Dec. 20, 2019 (ACP) – State legislators in Ohio are threatening to add a third entity to the patient-physician partnership: the government. The American College of Physicians, which has long advocated against interference in the patient-physician relationship, is opposed to a flawed and dangerous bill that would order physicians to re-implant ectopic pregnancies even though it is clinically impossible.
The bill would endanger pregnant women and subject physicians to prosecution if they provide the standard of care instead of following the mandate of an inappropriate and hazardous law.
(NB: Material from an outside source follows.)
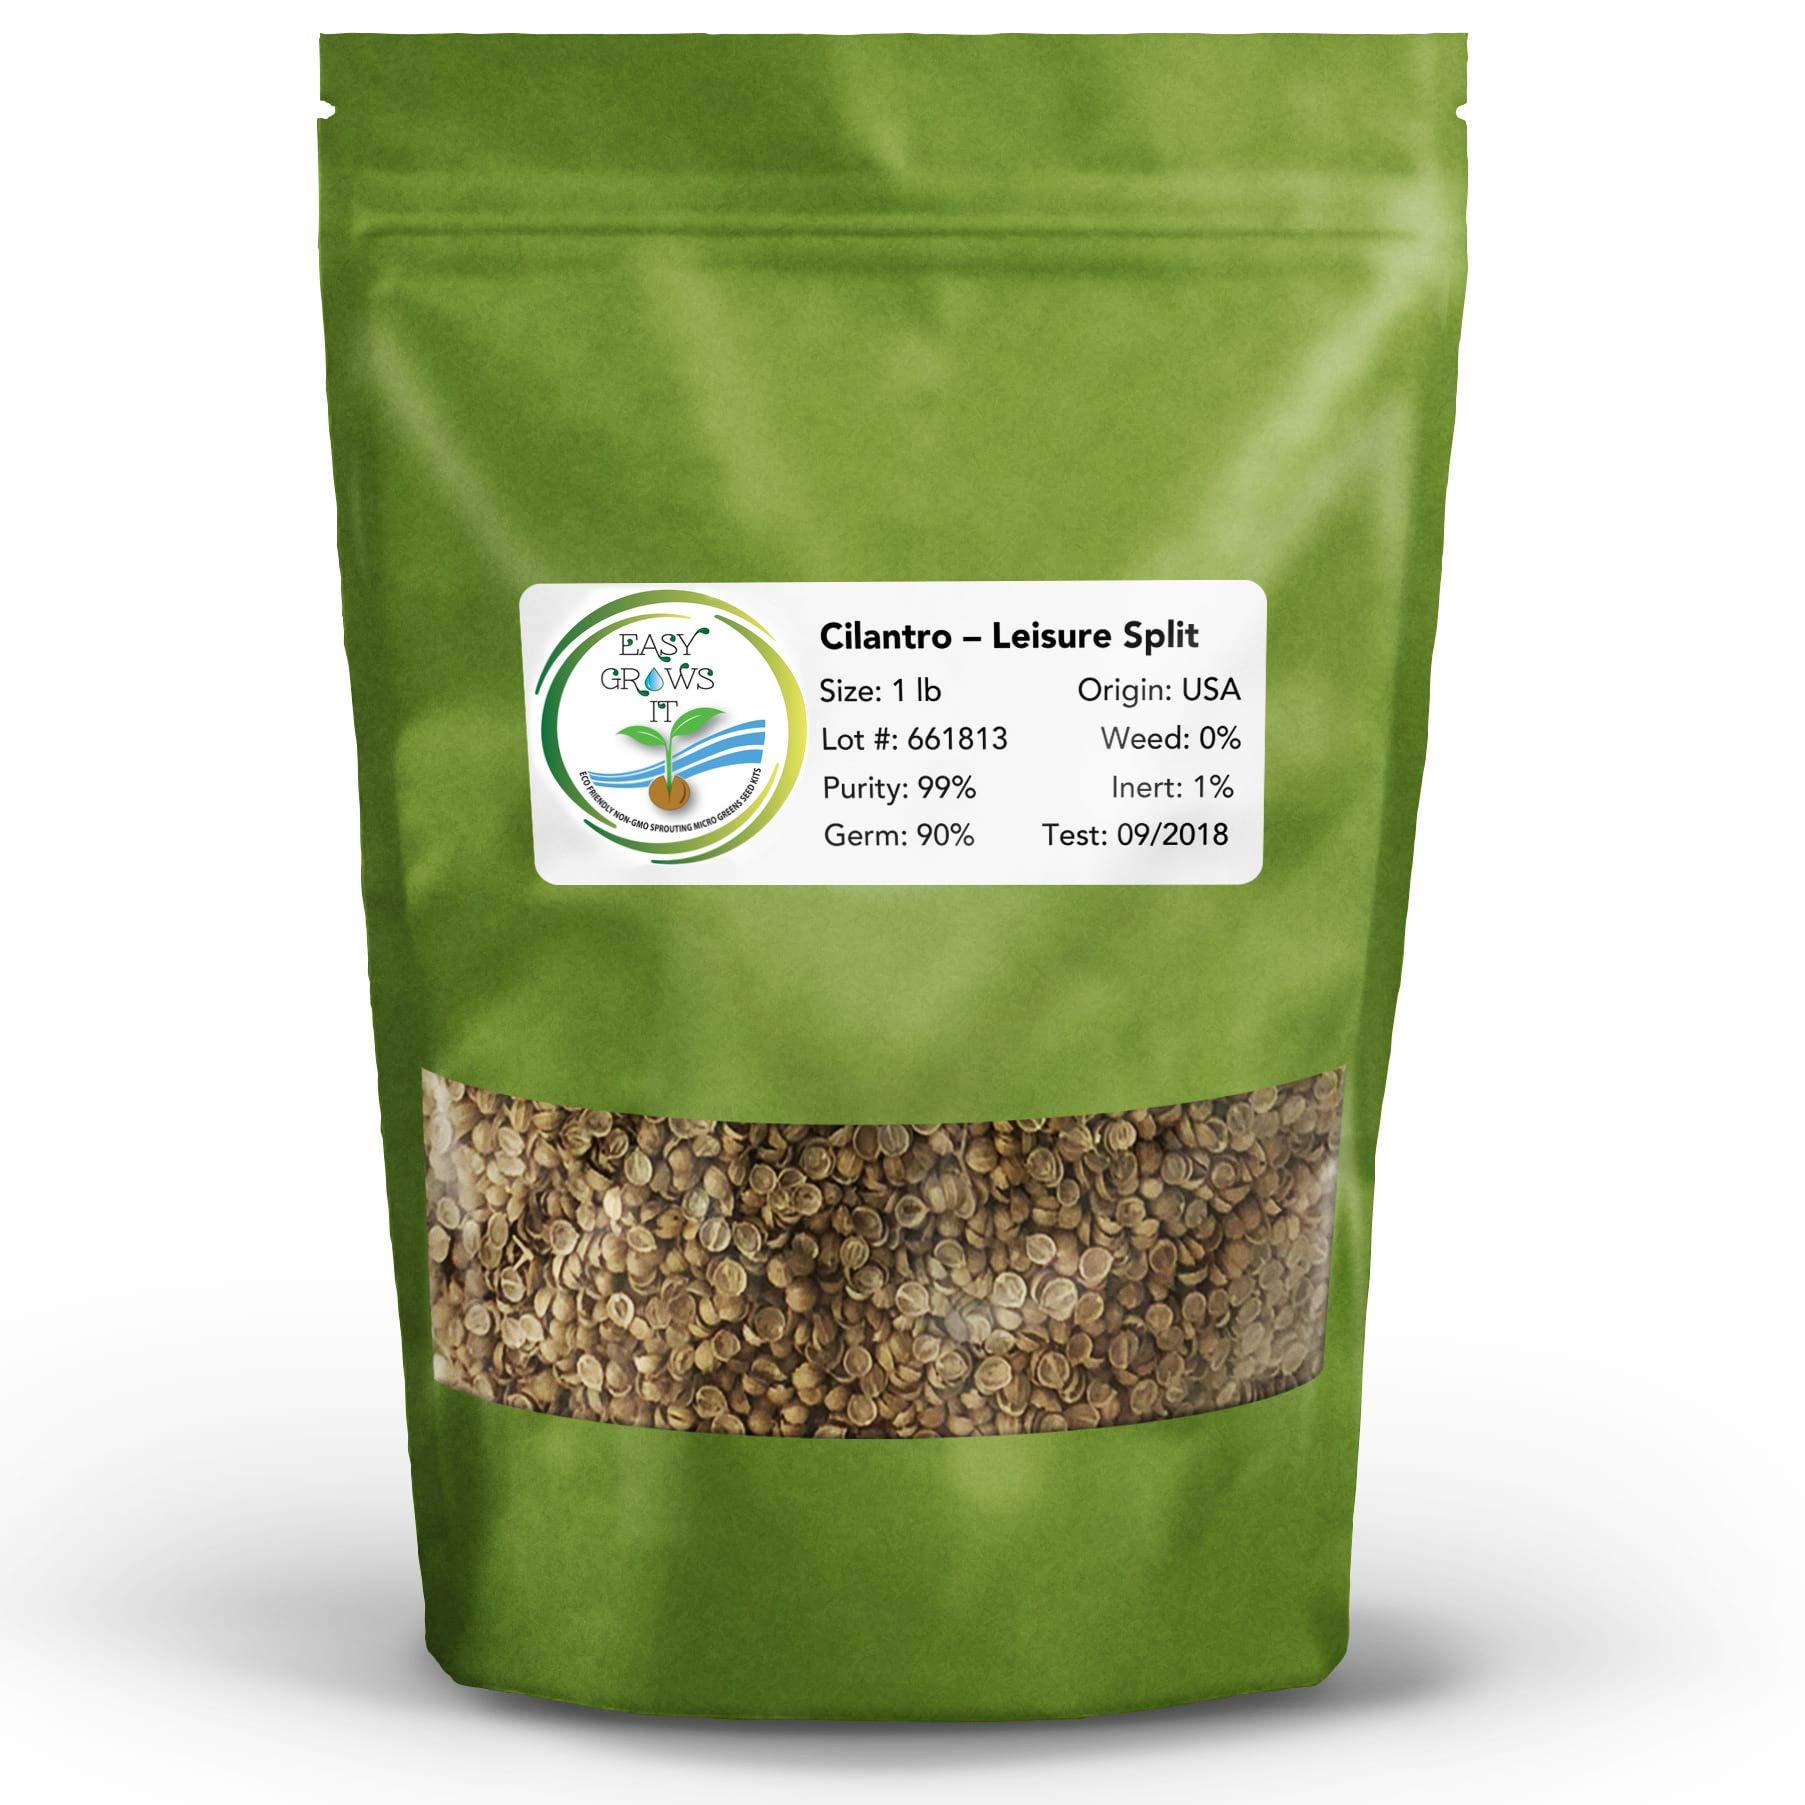 Cilantro Microgreen Seed 1 lb Bulk | Easy Grows It Non GMO Leisure Split Coriander Seeds for Micro Greens, Sprouts, and Gardens
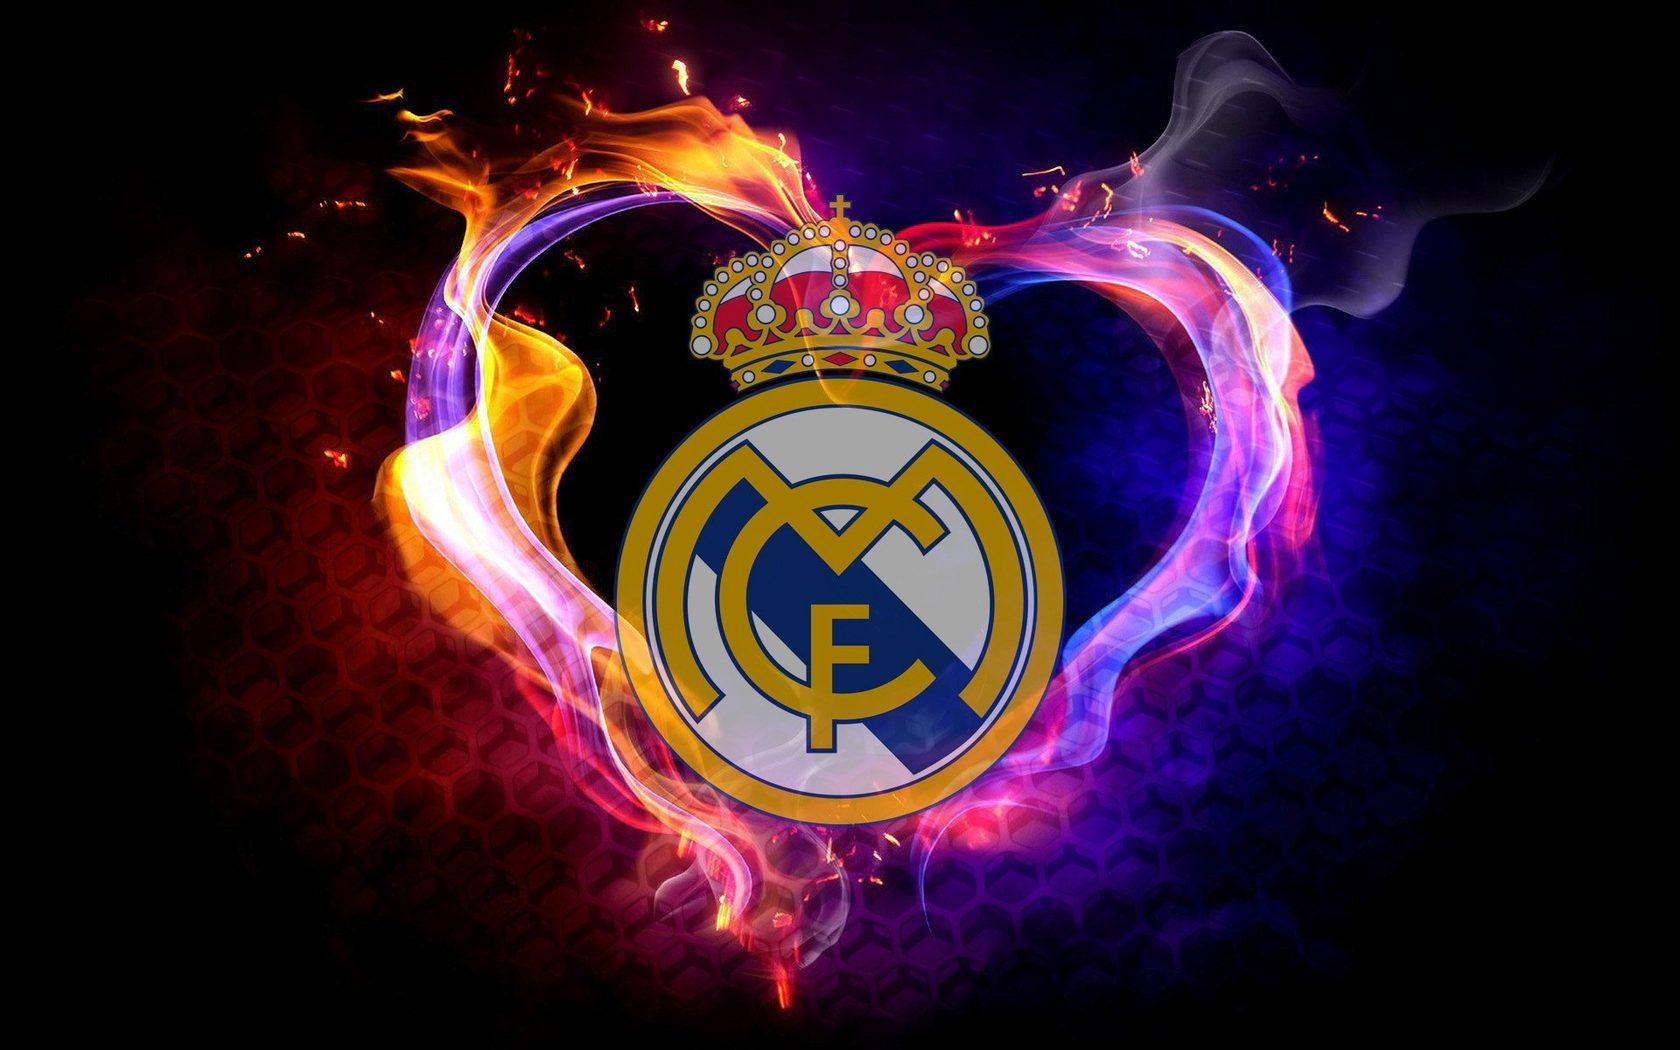 Sony и «Реал Мадрид» стали стратегическими партнерами

“Ectopic pregnancies can be life-threatening and traumatic for patients. Re-implanting an embryo into a woman's uterus would be a medically impossible procedure and could harm the patient,” said Dr. Robert McLean, president of ACP. “ACP stands behind its long-standing policy position that the patient-physician relationship, including access to reproductive health care services, should in no way be restricted by a government body.”
The proposed legislation, known as Ohio House Bill 413, was introduced in November 2019. According to the Associated Press, under the proposed bill, a physician who terminates a pregnancy could face murder charges unless it is done to save a woman's life. Under the proposed bill, physicians could be prosecuted unless they do whatever they can to preserve the pregnancy, including re-implanting an ectopic pregnancy into a woman's uterus.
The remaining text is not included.